The .assembly extern mscorlib metadata statement indicates that the Customer assembly makes use of, and is therefore dependent on, the standard assembly mccorlib.dll , which is required by all managed code. When an assembly makes a reference to another assembly, you will see an .assembly extern metadata statement. If you open AcmeGui in ILDASM and look at the manifest, you will see dependencies on the Customer and Hotel assemblies as well as the System.Drawing assembly.

 .assembly extern Customer  {      .ver 1:0:592:25677  }  .assembly extern Hotel  {      .ver 1:0:592:25677  }  .assembly extern System.Drawing  {      .publickeytoken = (B0 3F 5F 7F 11 D5 0A 3A)      .ver 1:0:2411:0  }

The System.Drawing assembly is a shared assembly, which can be seen in the \WINNT\Assembly directory using Windows Explorer.
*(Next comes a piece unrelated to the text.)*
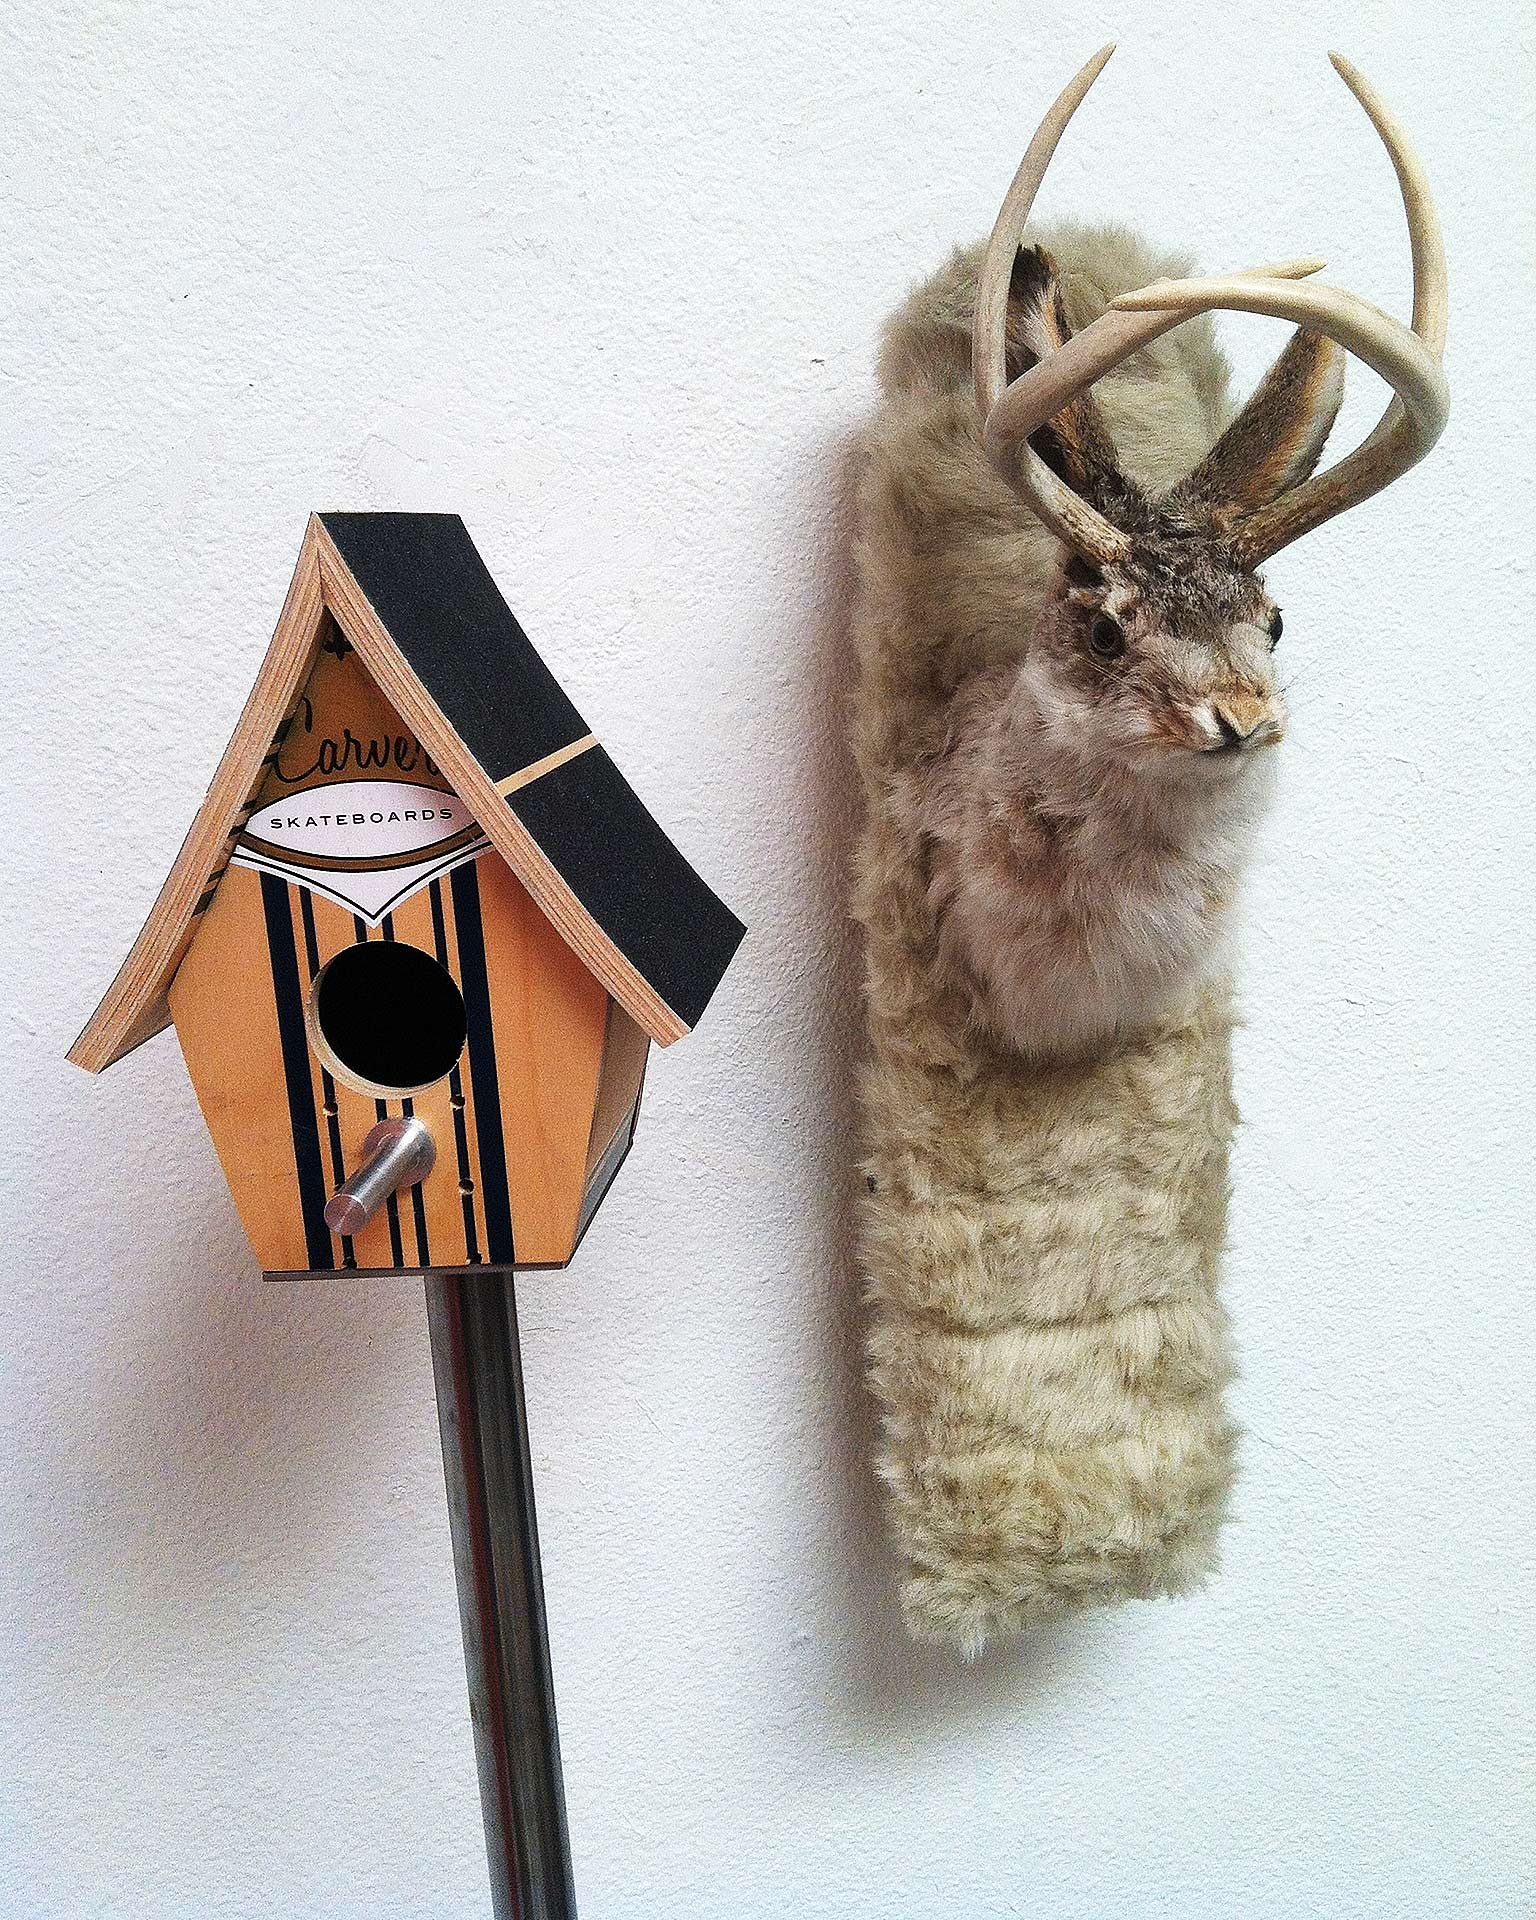 Birdhouses and Jackalopes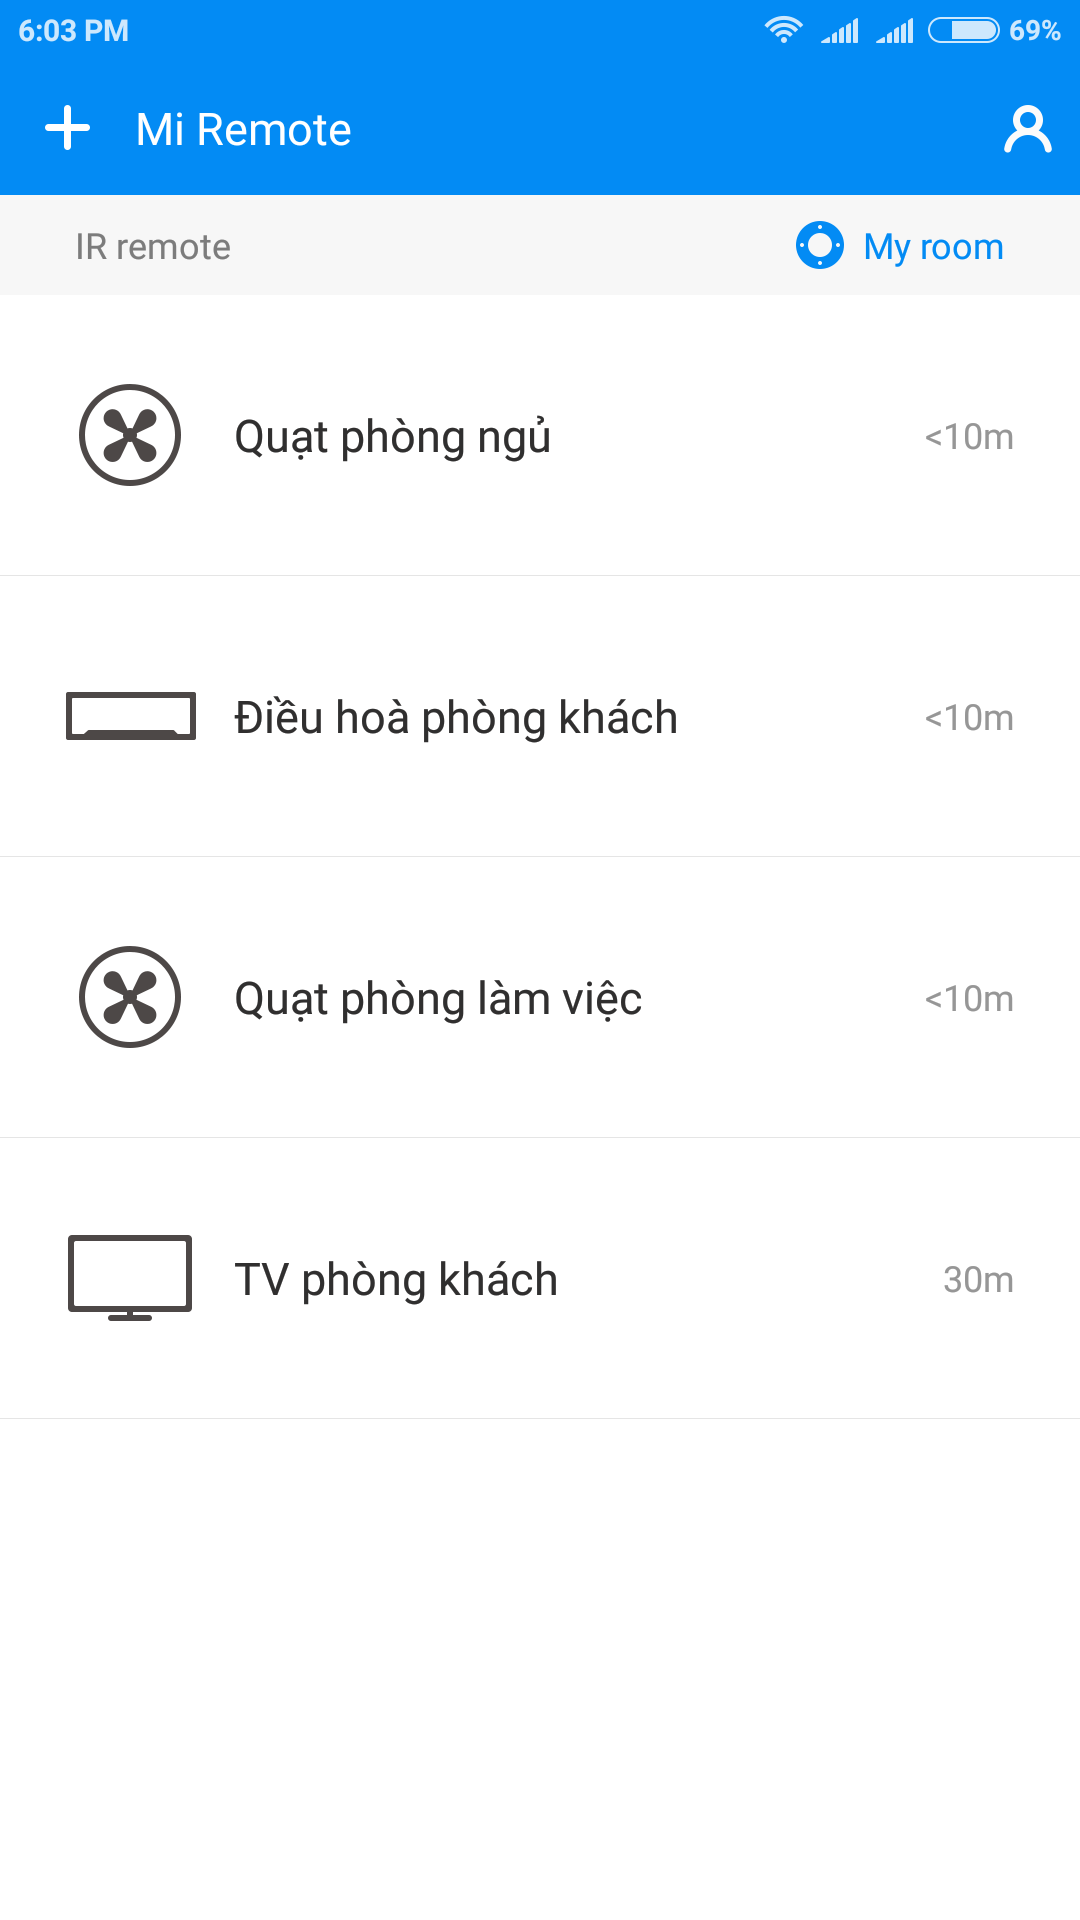 Screenshot_2017-05-09-18-03-43-497_com.duokan.phone.remotecontroller.png

Mscorlib , which is a shared assembly, is not deployed in the assembly cache. Microsoft made a single exception here: because mscorlib is so closely tied with the CLR engine ( mscorwks ^[4] ), it is installed in the appropriate install directory ( \WINNT\Microsoft.NET\Framework ) for the current .NET version.

^[4] Or mscorsvr.dll for servers.

In the System.Drawing shared assembly, the .publickeytoken = (B0 3F 5F 7F 11 D5 0A 3A) metadata statement provides a public key token, which is the lowest 8 bytes of a hash of the public key that matches the corresponding private key owned by the System.Drawing assembly's author. This public key token cannot actually be used directly to authenticate the identity of the author of System.Drawing . However, the original public key specified in the System.Drawing manifest can be used to mathematically verify that the matching private key was actually used to digitally sign the System.Drawing assembly. Since Microsoft authored System.Drawing.dll , the public key token seen above is Microsoft specific. Of course, the matching private key is a closely guarded corporate secret, and it is believed by most security experts that such a private key is, in practice, virtually impossible to determine from the public key. However, there is no guarantee that some mathematical genius will not find a back door someday!

The .publickeytoken declaration

The .publickeytoken declaration provides only the least significant 8 bytes of the SHA1 hash of the producer's public key (which is 128 bytes), which saves some space but can still be used to verify at runtime that the assembly being loaded comes from the same publisher as the one you compiled against. Alternatively, the . publickey declaration could be used, which provides the full public key. This would take up more space but makes it harder for villains to find a private key that matches the full public key.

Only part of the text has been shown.